Non mi salutò, i suoi occhi si inumidirono e la bocca si spalancò in un gemito di conforto. Ero così felice di vederlo senza un graffio che mi fermai e gli sorrisi con tenerezza. Lui mi sfrecciò addosso e mi afferrò il polso, cominciando a tirarmi con forza. Fui spaventata da quanta forza avesse e del fatto che mi stesse facendo comunque del male.

«Ian! Ian, aspetta! Mi fai male, fermo!» strillai e mossi il braccio. Lui non sganciò la presa. «Devi starmi a sentire, ti scongiuro!»

«Andiamocene via» buttò fuori d'un fiato. «Andiamocene via da questa città, facciamolo ora e basta! Scommetto che potremmo stare bene là fuori, io e te!»

La sua espressione mi spaventò, era audace, e tremendamente seria. Non avevo idea del perché stesse dicendo cose simili. Non avrei esitato un momento a dirgli di sì, ad andare via per sempre insieme a lui, tuttavia non potevo farlo. Non potevo voltare le spalle a Kieran, ai Paladini e agli Angeli, nonostante mi avessero tenuto nascosta la verità. Scappare era facile, dovevo combattere per il futuro che volevo, altrimenti avrei dovuto accontentarmi di quello che avrebbe sorteggiato il caso.

«Che stai dicendo? Non possiamo farlo. Pensa ai tuoi amici, a tuo padre...» tentai di farlo ragionare con calma.

«Mio padre non...» esclamò rabbioso e non riuscì a terminare la frase. «Ascoltami, Hazel, sei in pericolo. Non puoi stare qui. Dobbiamo andarcene subito, devi fare come ti dico! Ti vedranno se resterai ancora all'aperto!» ringhiò tra i denti.

Gemetti spaventata, non capendo. Mi stava stringendo il polso e il bracciale stava premendo contro la pelle troppo forte. Anche se avevo i piedi ancorati a terra e stavo facendo perno per resistenza, riusciva a muovermi. Era incredibile come mi aveva totalmente annullata con una singola mano.

Tre ragazze entrarono nel parco, comparendo dal buio. Stavo quasi per mettermi a strillare di aiutarmi, e sarebbe stato persino umiliante per quanto in verità fossi forte, ma Ian mollò subito la presa e mi tirò dietro di sé in difesa.

«Finalmente conosco la nostra ospite» disse cordiale la ragazza al centro, mettendosi la mano su un fianco sottile.

Avanzò di qualche passo e grazie alla luce dei lampioni la guardai meglio. Aveva i capelli di un castano chiaro, gli occhi celesti e la pelle color latte. Non seppi dove, ma mi ricordò qualcuno.

«Sei stato bravissimo, Ian» canticchiò giuliva e io mi bloccai, non capendo. «All'inizio mi pareva proprio che volevi metterti contro di me, però so che non l'avresti mai fatto. Dopotutto sono la tua Regina!»

Ian respirò più veloce, in panico e la mano gli tremò. Provò a parlare senza risultati e la ragazza attese per qualche secondo prima di stufarsi. Mosse la mano e Ian indietreggiò, lasciandomi da sola davanti a lei. Chinò la testa e rivolse i suoi occhi timorosi a terra, verso i propri piedi.
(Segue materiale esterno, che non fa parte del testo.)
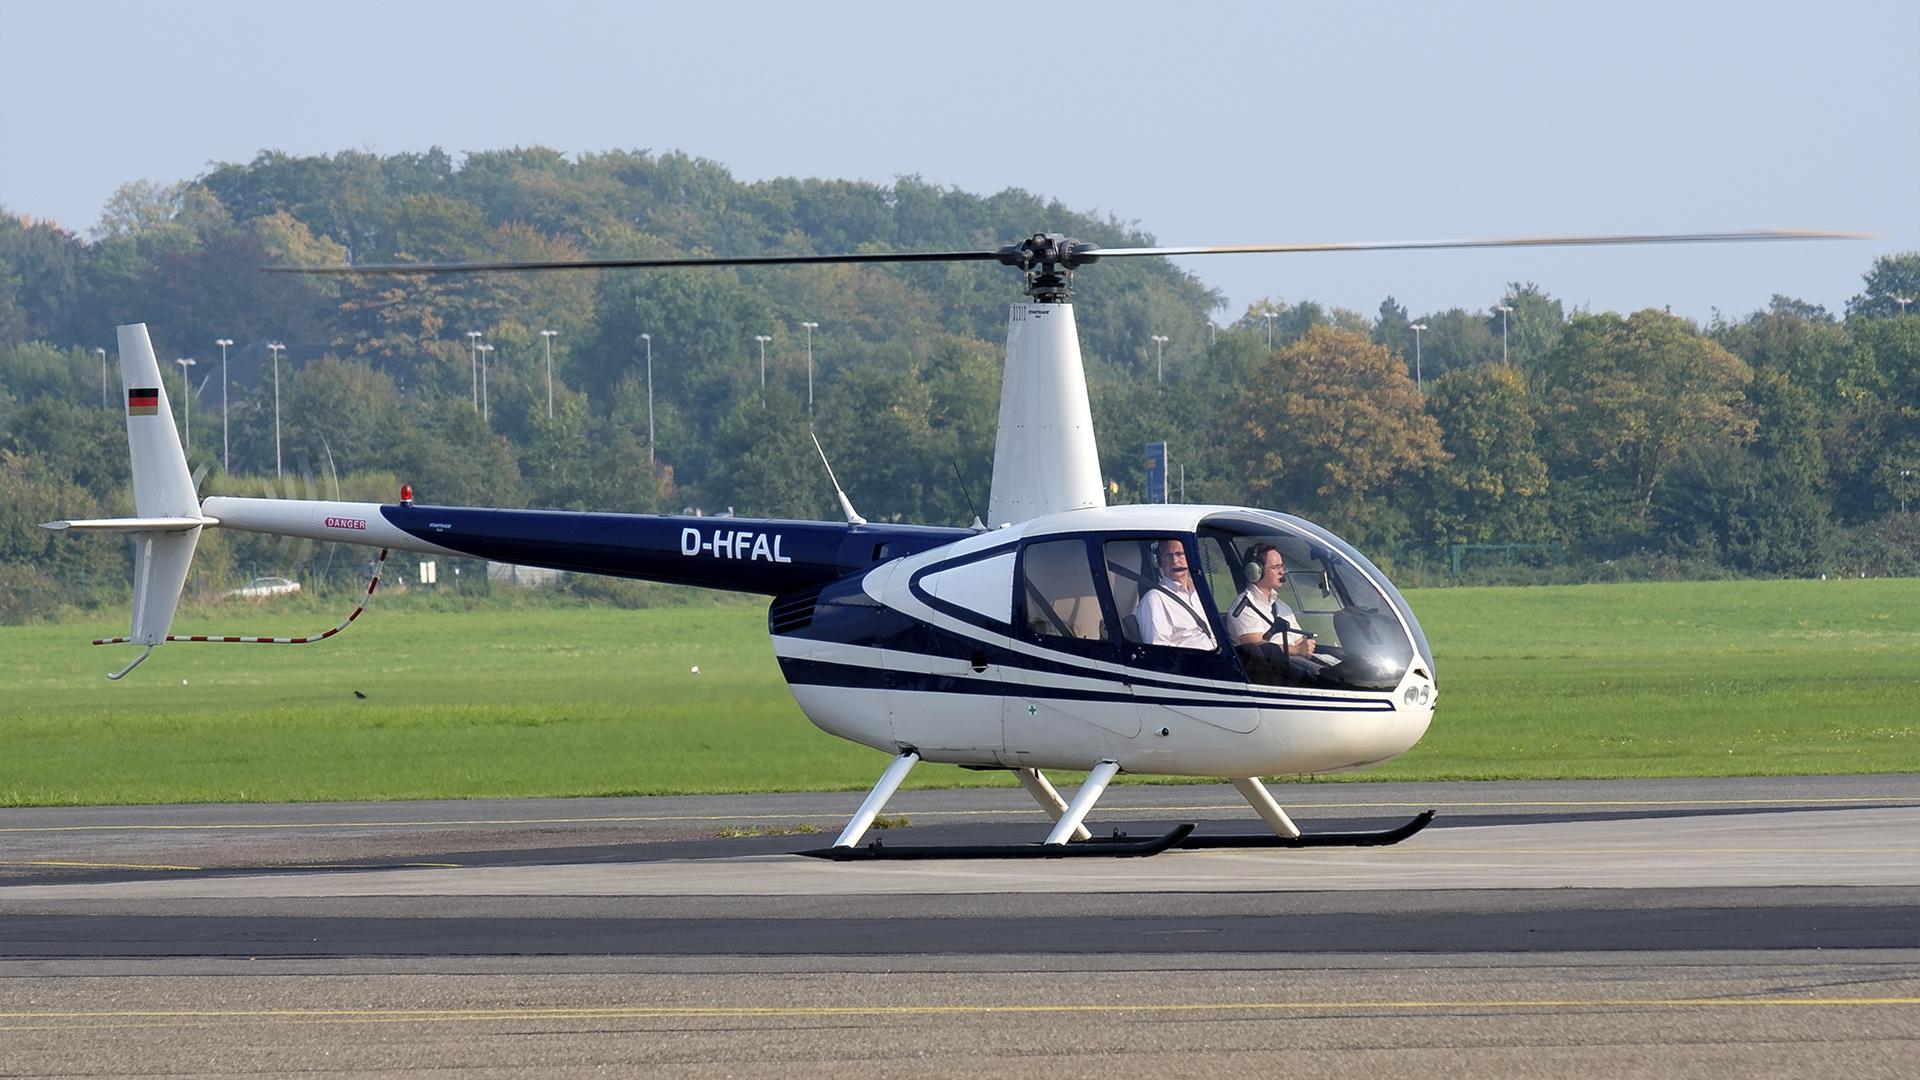 D-HFAL-1 R44  ESS 201709

«Ciao, Hazel. Io sono Rebekah, la Pedina Regina dei Cavalieri sotto ordine di Re Samael. Vorrei ufficialmente invitarti a casa nostra. Spero accetterai il nostro invito senza storie, in ogni caso loro due sono Charlotte e Blanche, i miei Cavalli. Se proverai a scappare ti spezzeranno le gambe. Te lo sconsiglio, è molto doloroso.»

Lanciai uno sguardo a Ian, sconvolta. Kieran alla fine aveva ragione. Non avrei mai dovuto avvicinarmi a lui. Mi aveva venduta come merce, mi aveva consegnata a loro come se fossi un comune oggetto. Stetti così male che nemmeno fiatai.

La ragazza con la treccia bruna alzò il mento e Ian le passò oltre senza parlare. Rebekah mi prese sottobraccio e salutò cordiale una coppia di anziani di passaggio. Appena la toccai l'asprezza della sua anima mi inorridì, avvertivo quelle scariche sulla pelle come se mi stesse pizzicando. Aveva un ghigno sornione, se avessi provato a ferirla mi avrebbe eliminata senza battere ciglio e di sicuro non potevo scappare a due Cavalli nello stesso momento.

Alcune fronde si agitarono e io mi spaventai, notando delle ombre nere aggirarsi furtive.

«Oh, non badare a loro. I Demoni sono adorabili se non provi a staccagli la testa. Ian mi ha parlato tantissimo di te, mi aspettavo fossi più bella però. Che peccato! Va be', sai come sta mio fratello? Devi proprio conoscerlo bene, prima di lasciarmi morire da sola un Angelo lo ha chiamato per diventare la Regina bianca. Scommetto che è stato il primo ateo a diventare un servitore di Dio! E dire che Kieran è il mio fratellino piccolo!»